Giovedì 27, Aprile 2017
in  Il Vangelo della Domenica


Siamo nel cuore del tempo pasquale e la liturgia ci accompagna a meditare ancora quanto avvenne quel giorno nel quale il sepolcro fu trovato vuoto e un angelo annunció la risurrezione di Cristo. Ma di fronte a questa notizia i discepoli incontrarono delle difficoltà ad aderirvi, volendo avere prove concrete più che segni. 
Così gli evangelisti ci riportano diversi episodi che avvennero in quel giorno, e ci testimoniano della bontà di Dio che accompagna i discepoli a superare gli ostacoli a credere nella risurrezione di Cristo e a vivere come risorti! 
Domenica scorsa abbiamo contemplato il Cristo apparire ai discepoli che, per paura dei giudei, si erano rinchiusi nel luogo dove si trovavano. Paura forse di fare la stessa fine del loro maestro, senza avere la certezza tangibile della vittoria di Cristo sulla morte. 
Domenica prossima invece san Luca ci racconta di due discepoli sono in cammino verso Emmaus, lontano da Gerusalemme. A muovere i loro passi non è la paura, ma piuttosto la disillusione. Si attendevano un messia potente, come per certi versi Gesù si era dimostrato agli inizi del suo ministero: 'profeta potente in opere e parole'. Eppure questo grande uomo è stato condannato e ucciso, la sua missione fallita ed in fondo non si è dimostrato così potente come sembrava. 

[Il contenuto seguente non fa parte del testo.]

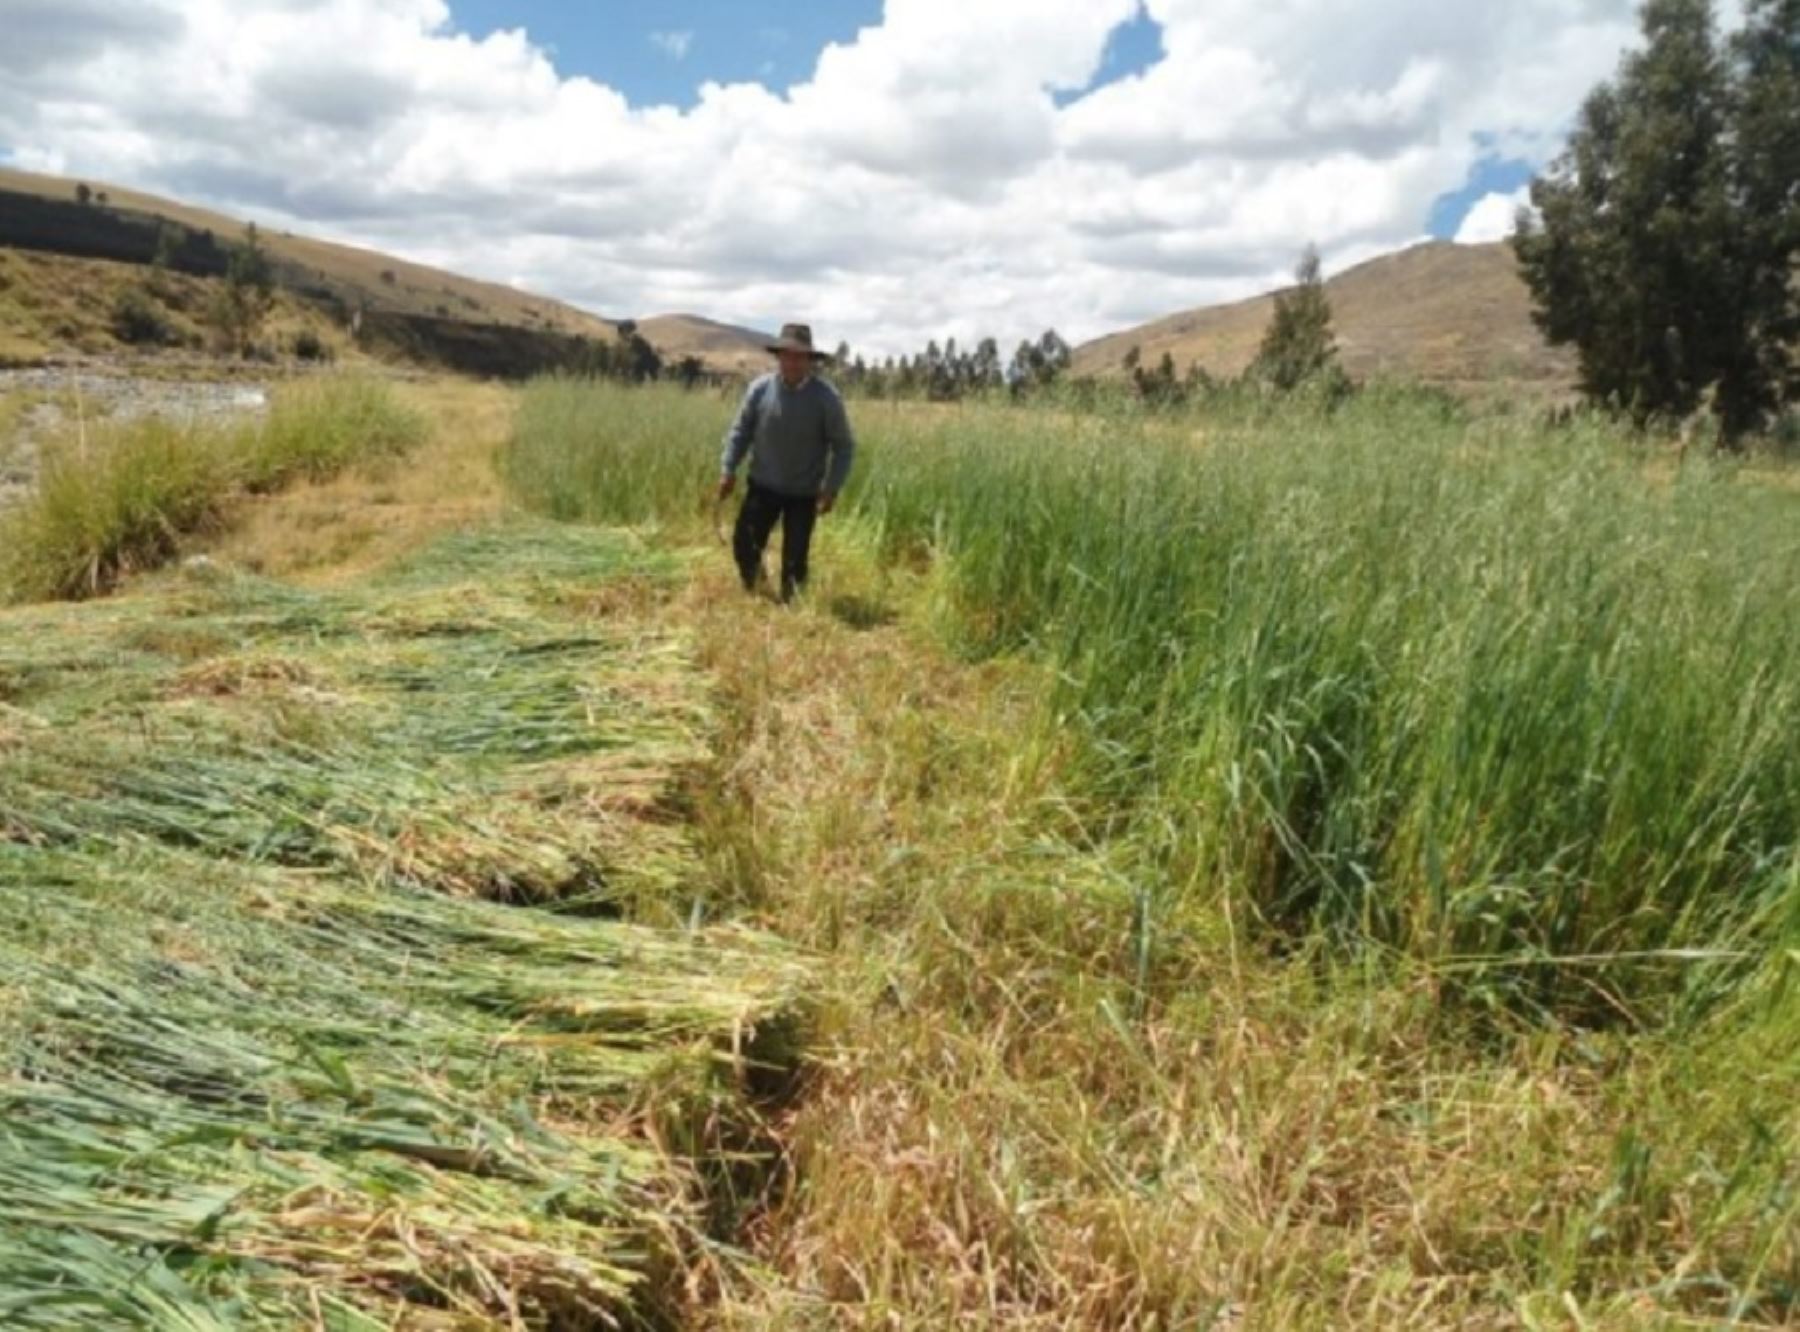 La Libertad: campaña de siembra de pastos y forraje mejorará producción ganadera rural. Foto: Agro Rural/Minagri

Colui che poteva essere il liberatore, avere una voce più forte di quella dei romani, compiere delle opere più  grandi degli imperatori, da questo stesso potere forte è stato messo a tacere. 
Invece Gesù, sulla strada verso Emmaus, si fa pellegrino, compagno di viaggio di questi due uomini con l'orizzonte oscurato da aspettative non corrisposte. 
E se condivide il tratto di strada da loro intrapreso, al tempo stesso li accompagna per sentieri da lui stesso scelti, i sentieri della Parola di Dio come strumento di interpretazione del loro vissuto. La loro vita riletta alla luce della Parola prospetta nuovi orizzonti, infiamma il cuore, fa cogliere la presenza del risorto. 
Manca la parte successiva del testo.